Supermarket shopping trips are becoming more frequent, with smaller baskets. Dinner tonight is currently 20 per cent of all supermarket shopping trips, and increasing, and is often part of the most common trip type, top up shops (36 per cent). Let’s have a look at how dinner tonight shopping trips work, and what some of the opportunities are. Who buys dinner tonight? Neraly everybody, but what they need differs. Dinner tonight trips as a percentage of total trips actually skew slightly
to young family and older family lifestages, because single/double income no kids (sink/dinks) eat out more often. Empty nesters are more likely to buy dinner as part of a stock up or top up shop (particularly frozens, as noted in my Inside Shopper article on Getting frozens out of Siberia, because empty nesters are ‘over’ cooking in general after 20 years of it).
As a portion of shopping trips within their lifestage, sink and dinks overindex on dinner tonight and top up trips.
What this means, is that there is opportunity to provide dinner tonight solutions of different serving sizes to cover the different lifestages and household sizes (two, four, six people).

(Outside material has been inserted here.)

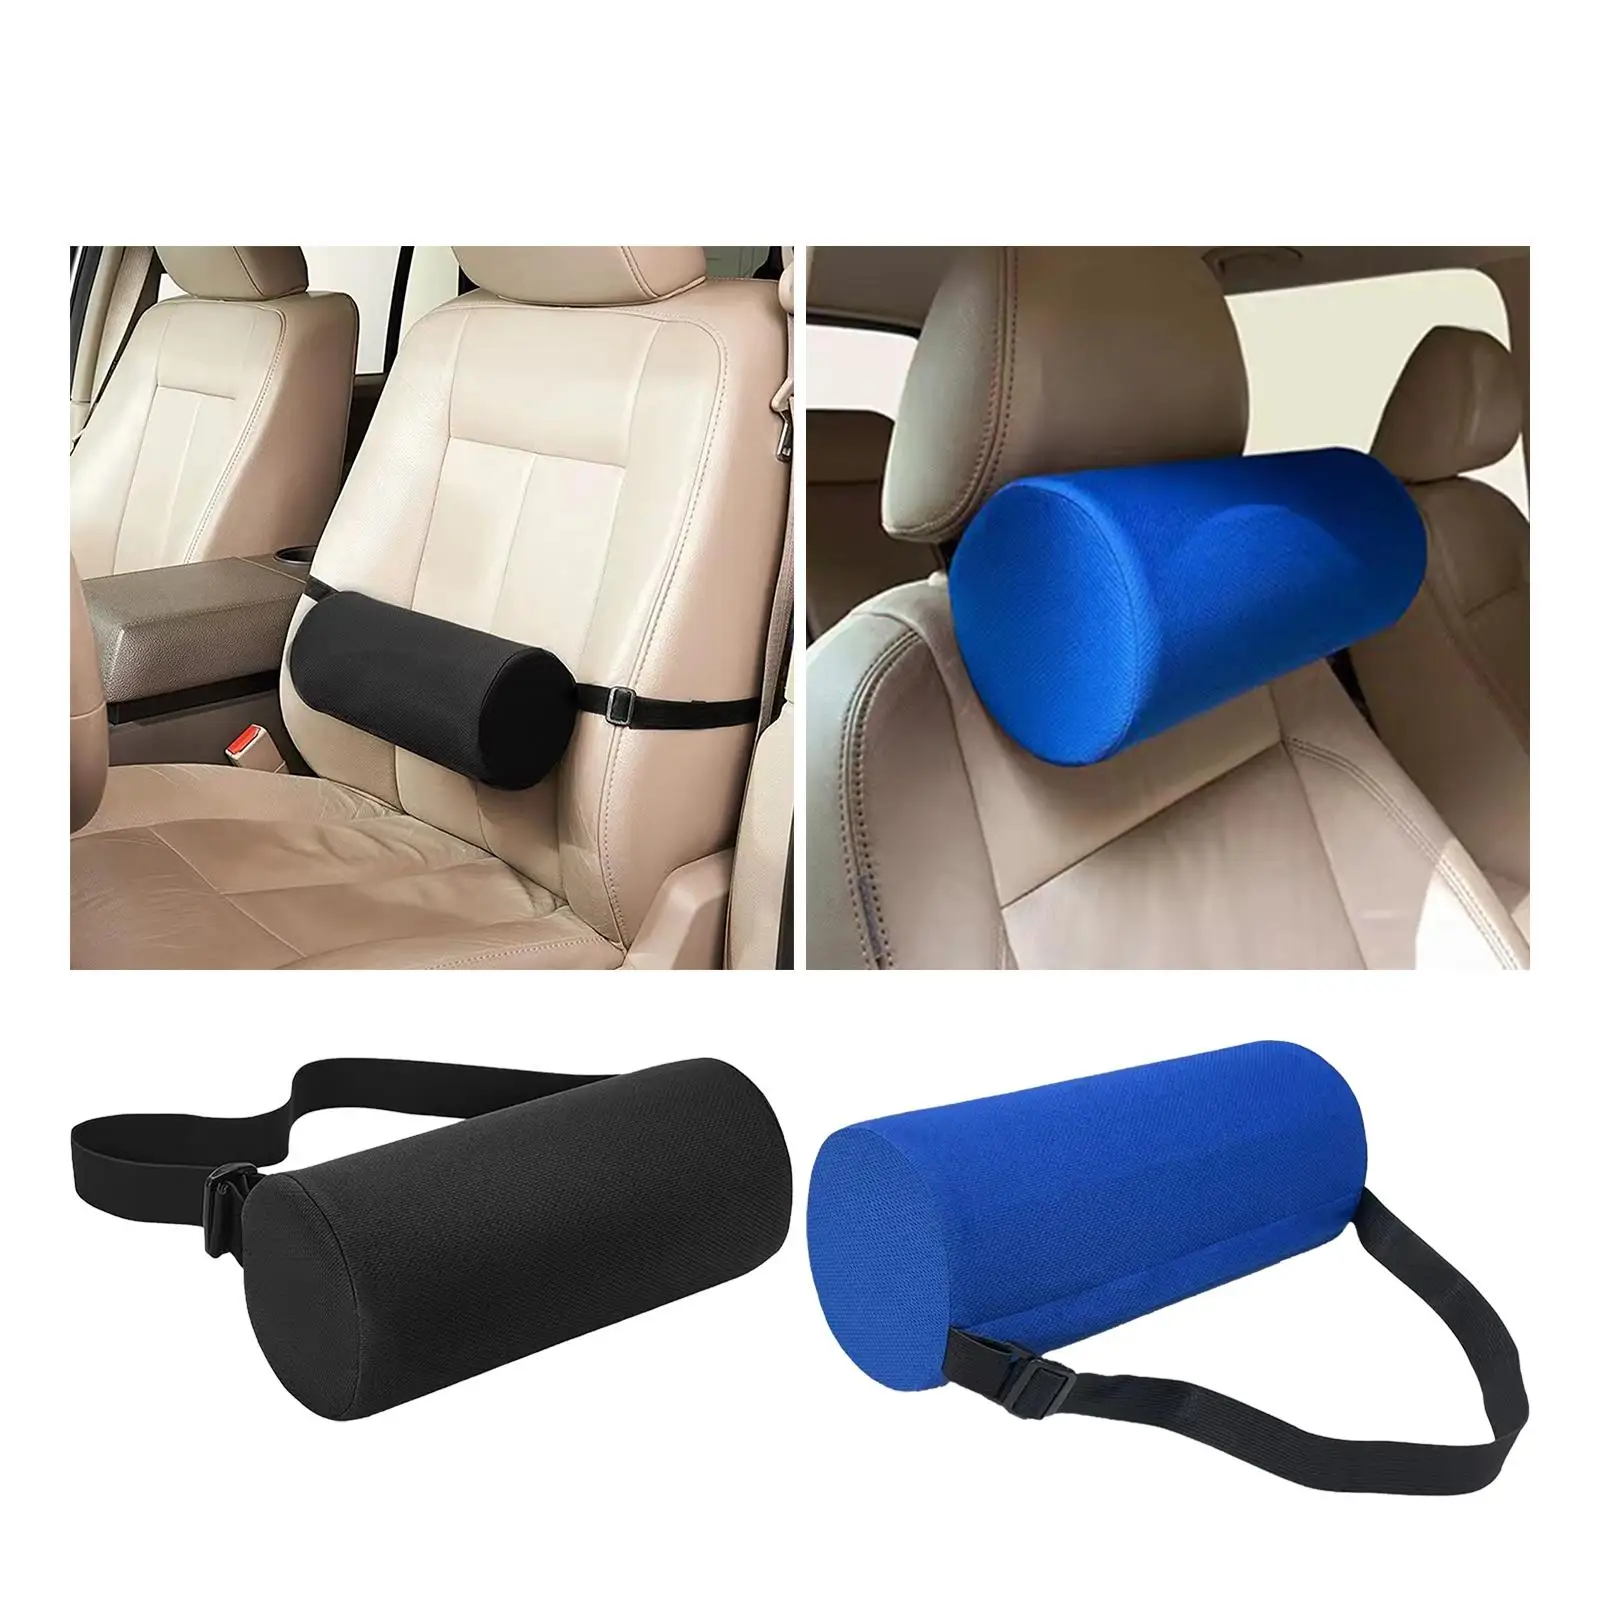 Cylindrical Waist Pillow Waist Support Pillow for Home Vehicle Reading

How they shop for dinner tonight
How shoppers shop for dinner tonight is very different to stock up trips, where shoppers seek inspiration for a variety of meal options for the week via recipes, tasting demonstrations, and other mechanisms. Dinner Tonight trips overindex on Mondays, Wednesdays, Thursdays, and interestingly, Saturdays. Fridays tend to be takeaway/pizza night or ‘fish Fridays’.
Shoppers on dinner tonight trips are in problem solving mode, and don’t want to be instore very long. Nearly half of dinner tonight shoppers are instore for 10 to 20 minutes, and a further 15 per cent are instore less than 10 minutes. More than half have a mental list of some sort (which may only mean meat plus veg) and a further 14 per cent have no list at all, whether mental or written.
So unlike stock up trips where recipes provide inspiration, dinner tonight trips are about all in one solutions.
These need to be presented either all in the one packet (such as frozen, shelf stable, or chilled meals in a box), or various elements presented together in the same location. Woolworths has made a start on this with dinner meal bundles in its new small format supermarkets, such as Woolloomooloo, Erskineville, and Southern Cross.
The majority of dinner tonight shoppers still start in the fresh section looking for proteins, as the type of protein (meat) selected determines the rest of the meal. They are less likely to be shopping the centre aisles unless they have decided on a meal and are putting the components together (such as sauces and seasonings).
This means that bundles and solutions need to be displayed in, or as close to, the fresh and meat sections as possible. This is an opportunity for some shelf stable meals to be off located in fresh, where the fresh acts as a side dish.
Because shoppers of dinner tonight tend to look at what’s on the meat packs more than POS, recipe ideas should be communicated clearly on or close to meat packs.
Opportunities
Dinner meal bundles that include recipe components located together.
Fresh pasta + sauce + garlic bread deals are a start at this, but this could be extended to include fresh plus protein bundles, whether they are shelf stable or from the fresh section.
Dinner meal bundles including dessert.
Time was, it wasn’t dinner unless it included dessert. Given the macro trend of everyday indulgence, there’s no reason dessert can’t be reinstated as a formal part of dinner, whether it’s ice cream or something more sophisticated.
Shoppers tend to start the week healthier and get progressively less healthy as the week wears on, so desserts will probably work better from Thursday to Saturday than Monday to Wednesday, but it’s worth giving it a shot through the whole week and see when moves most.
Present a bundle as representing value, but not necessarily cheap or low price.
It’s not just about feeding the family for $10, although this is a good start to get it on the radar. It could be extended to include dessert for under $20.
Better to communicate quality and taste or flavour, and with meal types that are slightly special or that shoppers may not normally consider or make themselves (e.g duck rather than spaghetti bolognaise).
Only half of dinner tonight shoppers are likely to be influenced by price promotions, because they need their problem solved and they are in a hurry
Frozens under index in dinner tonight trips, either because they are already in the freezer at home or because they’re located at the other end of the store.
Opportunities are to locate or at least communicate frozen meal solutions in the fresh area, as many dinner plates are a combination of fresh, shelf stable and frozen components.